I know that this is late but I stumbled upon this question myself too and I didn't find any answers. Fortunately, I thought about it for a while and I came up with a satisfying conclusion.
By examining the dynamic routing algorithm, one can clearly see that the logits $b_{ij}$ must always be set to zero (whether training the model or not), and then they are updated on each iteration according to the prediction $\hat{u}_{j|i}$, and in turn, update $c_{ij}$. What this means is that all $c_{ij}$ are not parameters for the model but rather values determined by the dynamic routing algorithm, hence the name "dynamic". In other words, $c_{ij}$ are not trainable parameters. Similar to weighted sums and activations of ordinary deep neural networks, you need to store these values during the feed forward pass to substitute them later on in the calculations of the backpropagation algorithm.

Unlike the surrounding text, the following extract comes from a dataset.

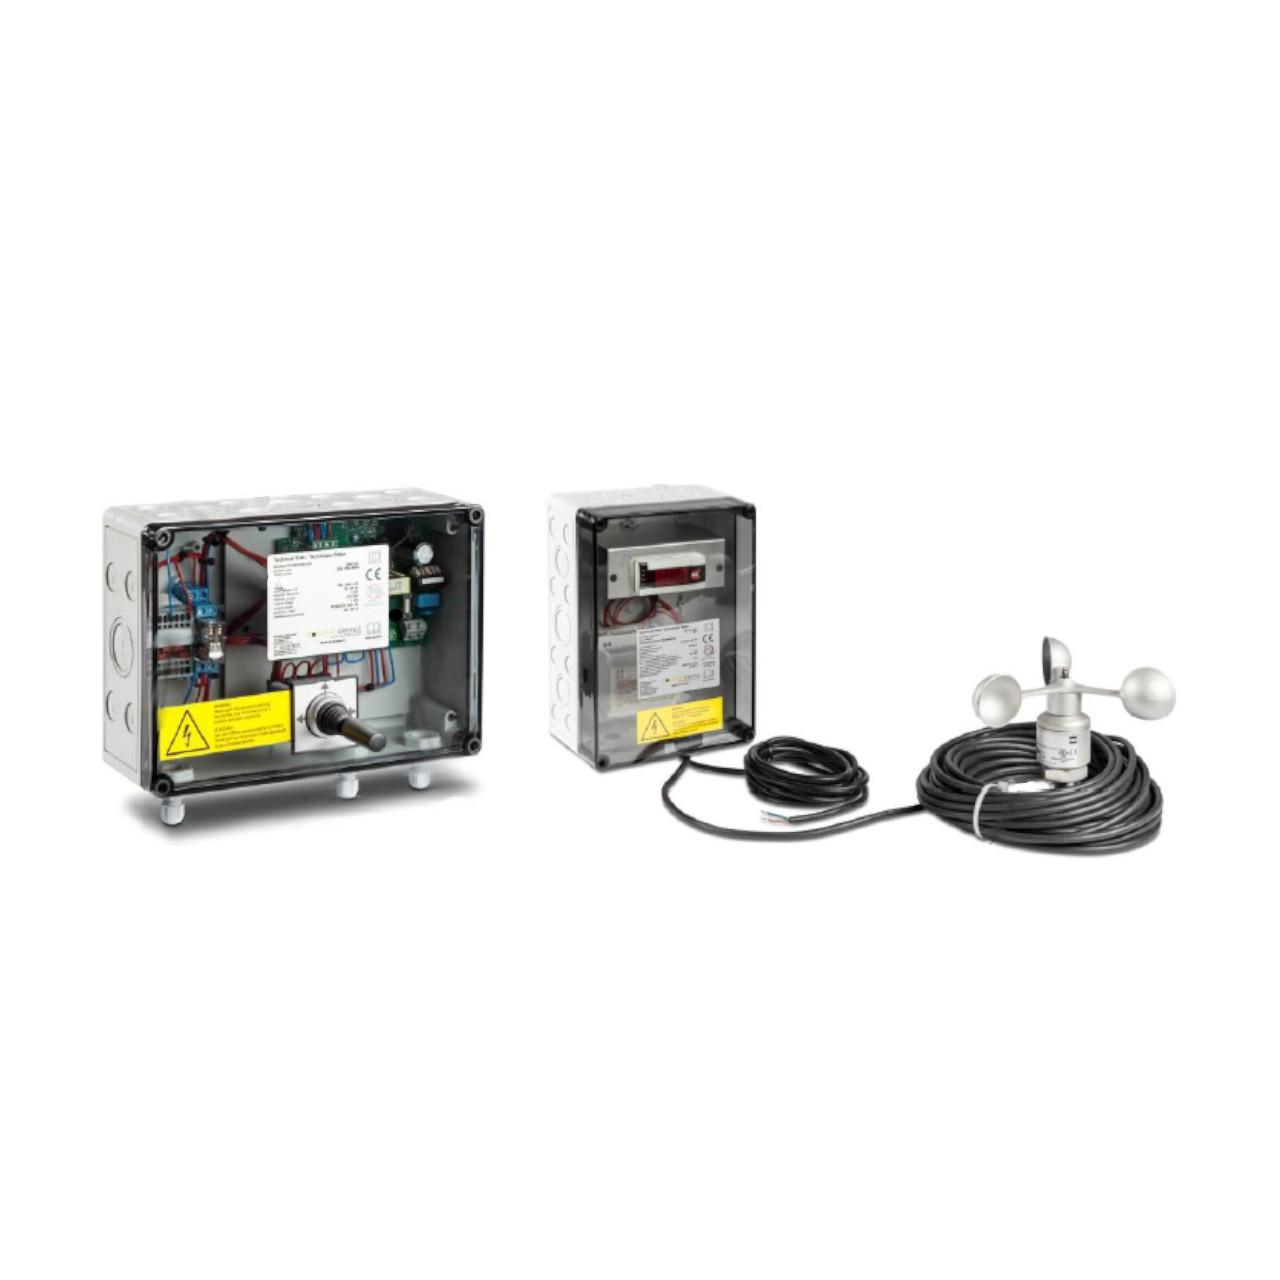 Deger - Central Control Box III w/ Windguard
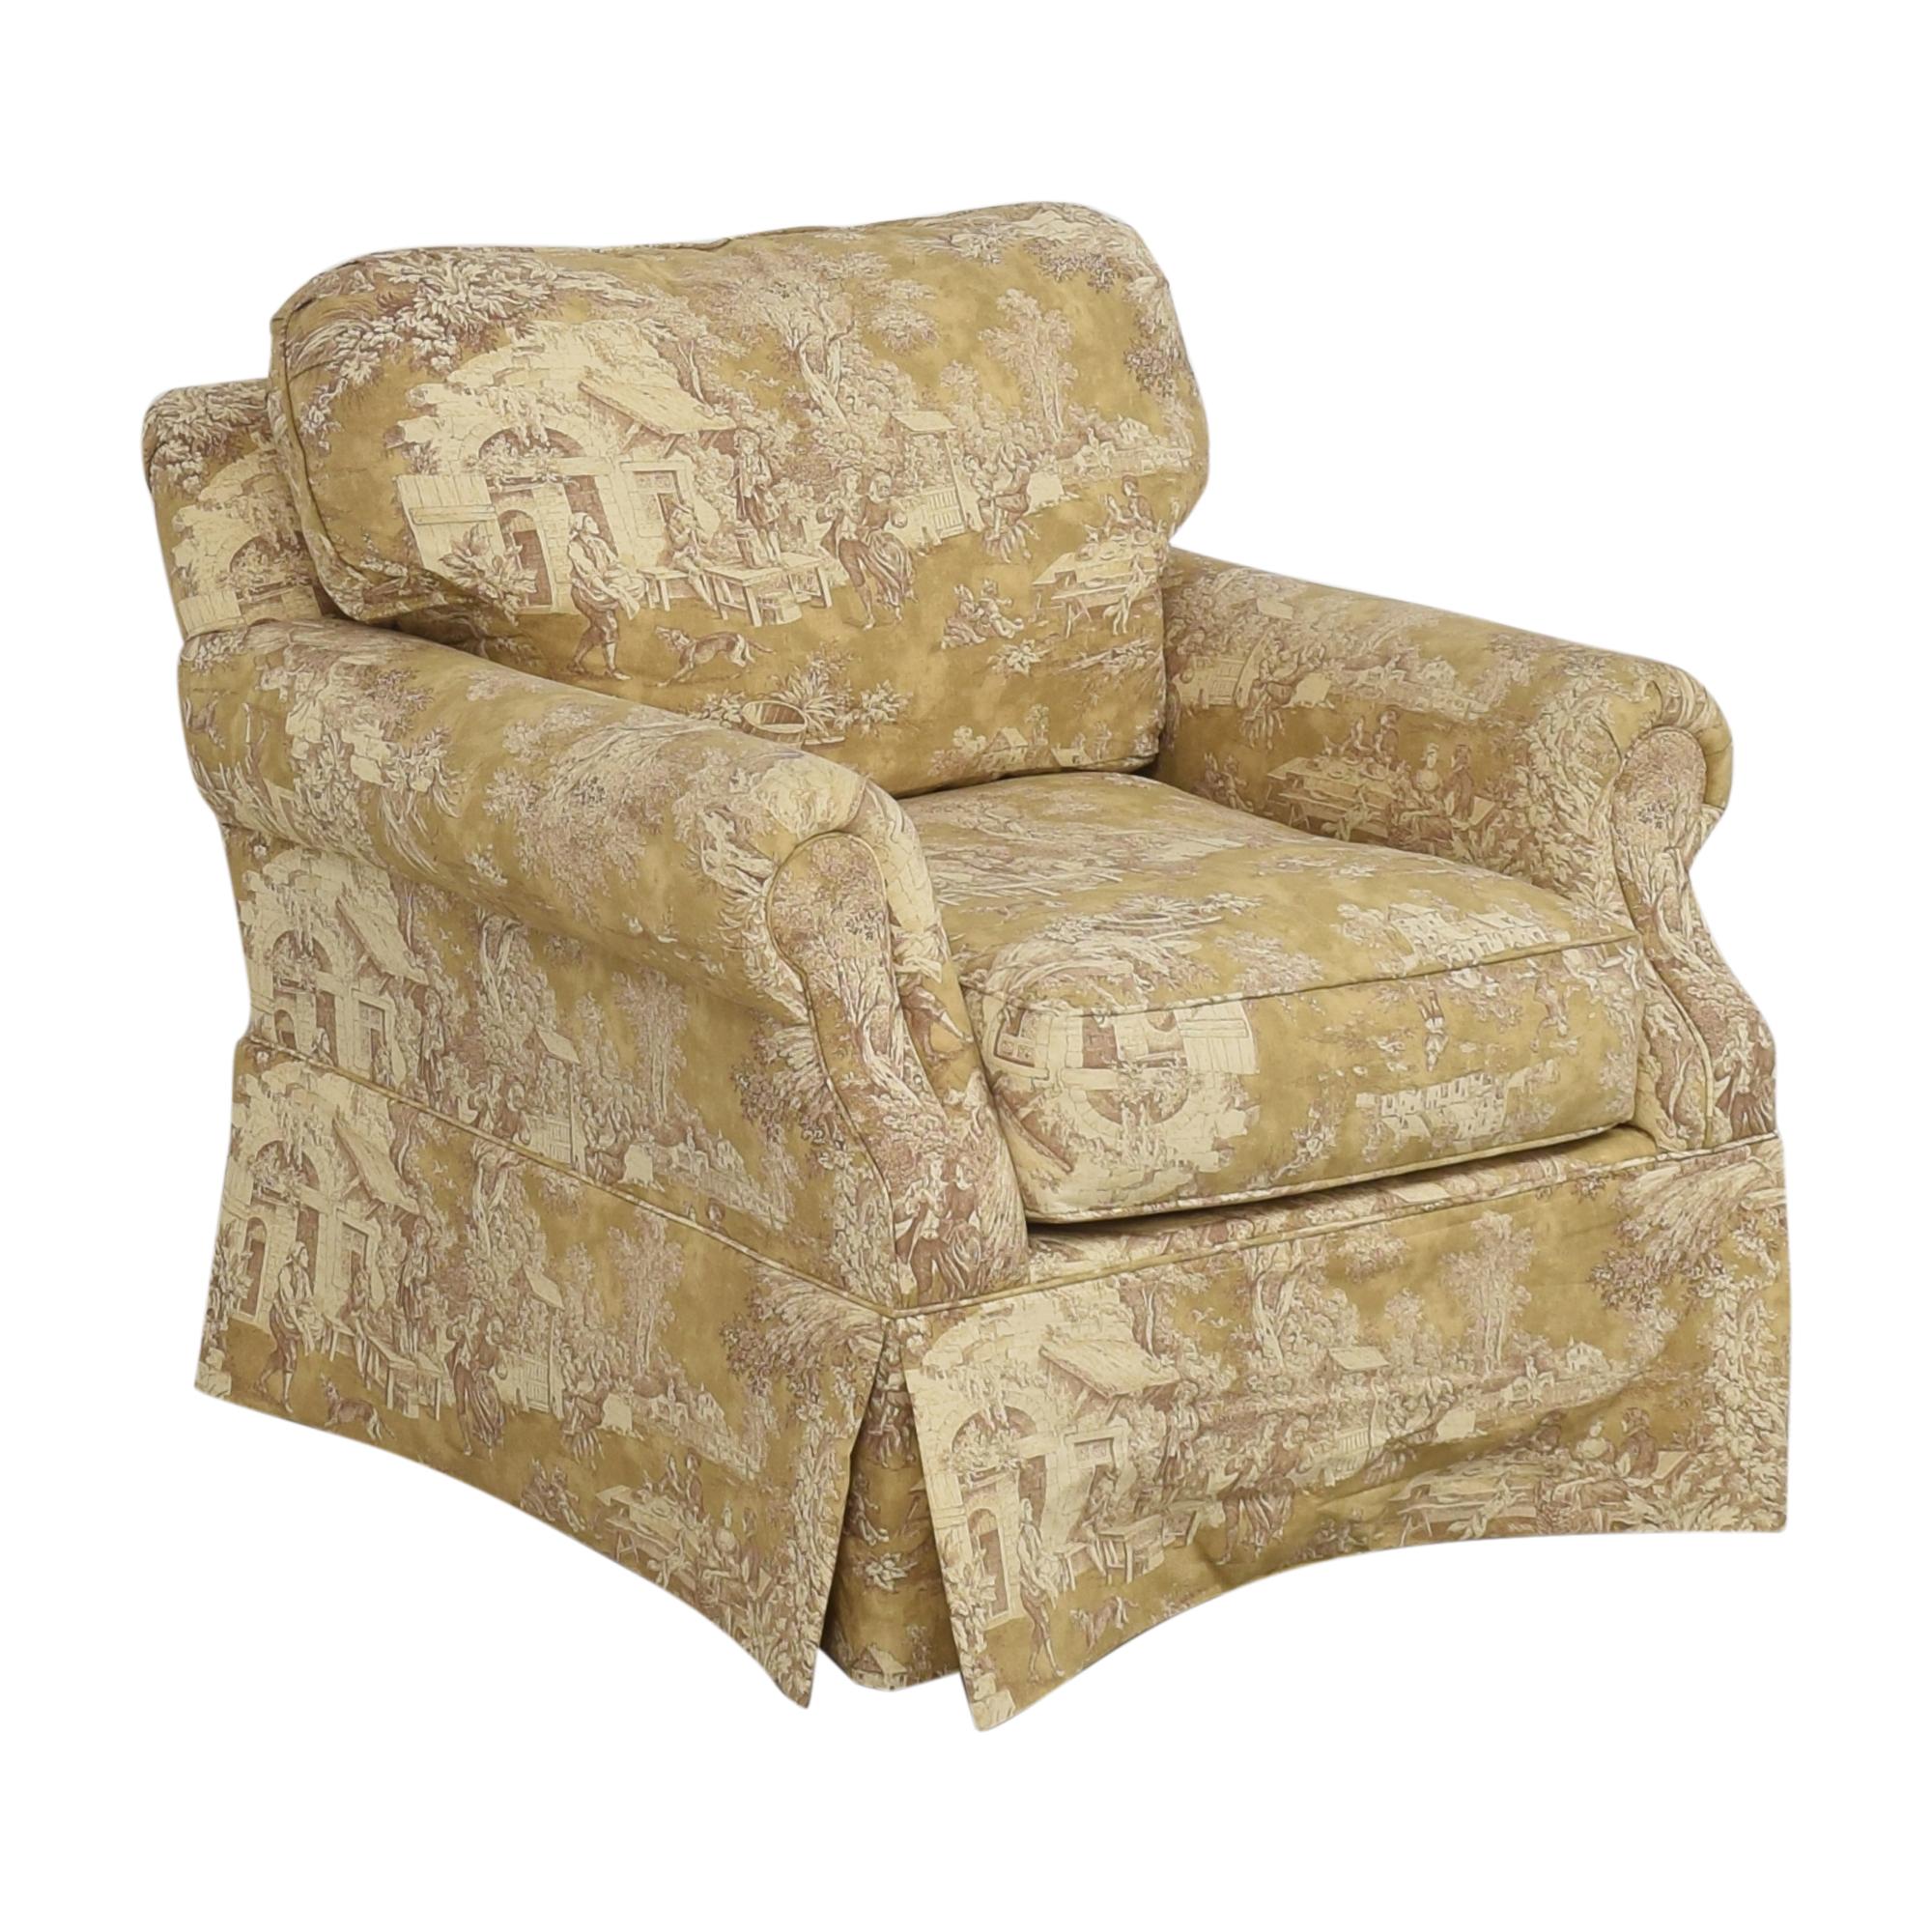 Domain Home Domain Home Toile Club Chair for sale

That said, the transformation matrices $W_{ij}$ are the trainable parameters and what you need to do is calculate their derivatives. To do that you need to substitute the equations $\hat{u}_{j|i} = W_{ij} u_{i}$ and $s_j = \sum\limits_{i} c_{ij} \hat{u}_{j|i} $ in the activation function $v_j =\frac{\lVert s_j \rVert^{2}}{1+ \lVert s_j \rVert^{2}} \frac{s_j}{ \lVert s_j \rVert}$, i.e., calculate $ s_j = \sum\limits_{i} c_{ij} W_{ij} u_{i} $ and use that to calculate $\lVert s_j \rVert$ using the euclidean norm, then plug these in $v_j$. The final formula will be daunting but at least it will be in terms of the weights, the values $c_{ij}$ which should be treated as constants, and $u_i$.
To make things a bit easier you can use this trick: set $z_{ij} = W_{ij} u_{i}$ and then the derivations should be nicer in terms of $z_{ij}$.